Vor der Höhle wartet schon unser Guide. Mit Helmen ausgestattet kriechen wir geduckt durch einen engen Gang, der sich nach wenigen Metern zu einem großen Gewölbe weitet. Wir erfahren, dass die Höhle mehrere tausend Jahre für kultische Zwecke verwendet wurde, In einer älteren Phase, vor ca 12-14.000 Jahren wurden Tierbildnisse in den Stein geritzt. Später, vor ca 8-10.000 Jahren wurde mit einem Gemisch von Holzkohle und Tierfett gemalt. Die eingeritzten Bildnisse stellen große Landsäugetiere dar, wie z.B. Esel, Ziegen und Büffel bzw ursprüngliche Rinder, die in ihrer Darstellung sehr den Rindern Picassos ähneln. Die jüngeren gemalten Bilder zeigen Frauen, Männer und Meereslebewesen wie Thunfische, Delfine und Muscheln. Man geht davon aus, dass die Inseln früher keine Inseln , sondern über trockenes Land mit Sizilien verbunden waren. Später stieg der Meeresspiegel, bzw. sank die tektonische Platte ab, die Inseln entstanden, die großen Säugetiere verschwanden und Meerestiere gewannen für den prähistorischen Menschen an Bedeutung.

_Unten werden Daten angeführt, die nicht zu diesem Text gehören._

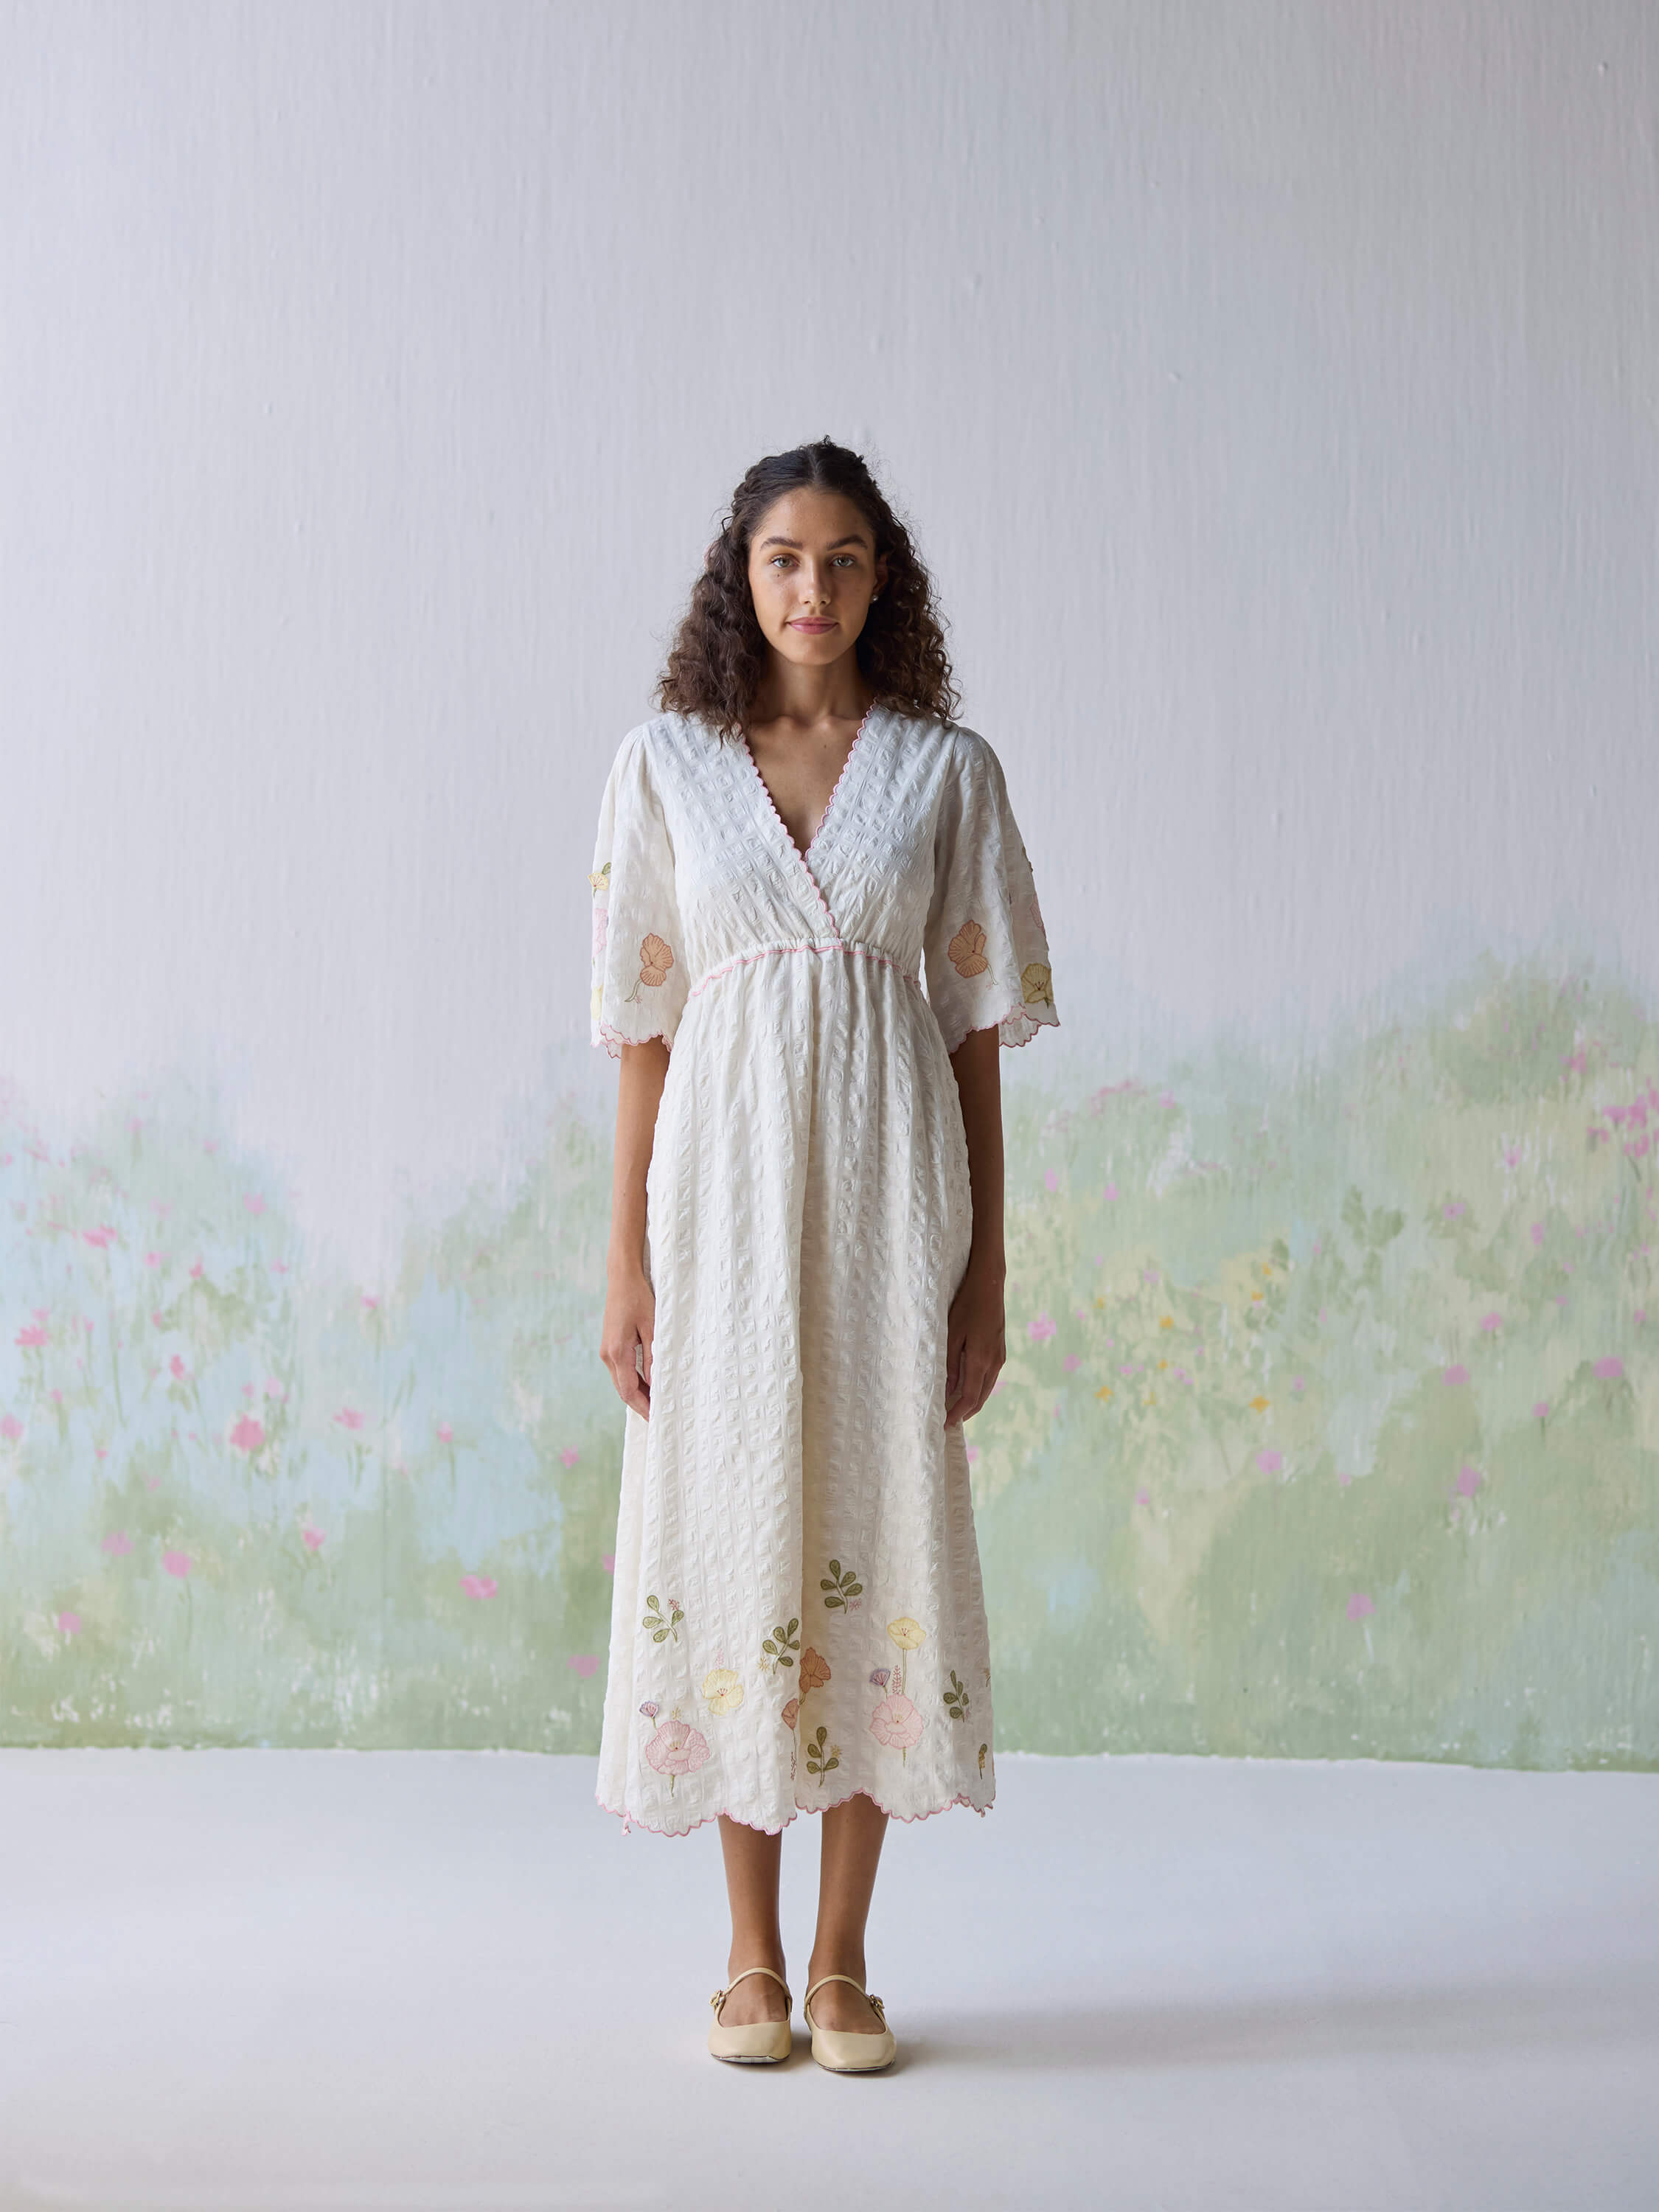 Woman wearing floral embroidered white dress standing against a pastel background.

Diese Höhlenmalereien sind bis jetzt die ältesten Artefakte, das wir jemals gesehen haben.

Eine Schlechtwetterfront naht, wir segeln retour nach Trapani, checken bei Maurizio erneut ein und warten auf ein günstiges Wetterfenster für den Sprung über Sardinien zu den Balearen.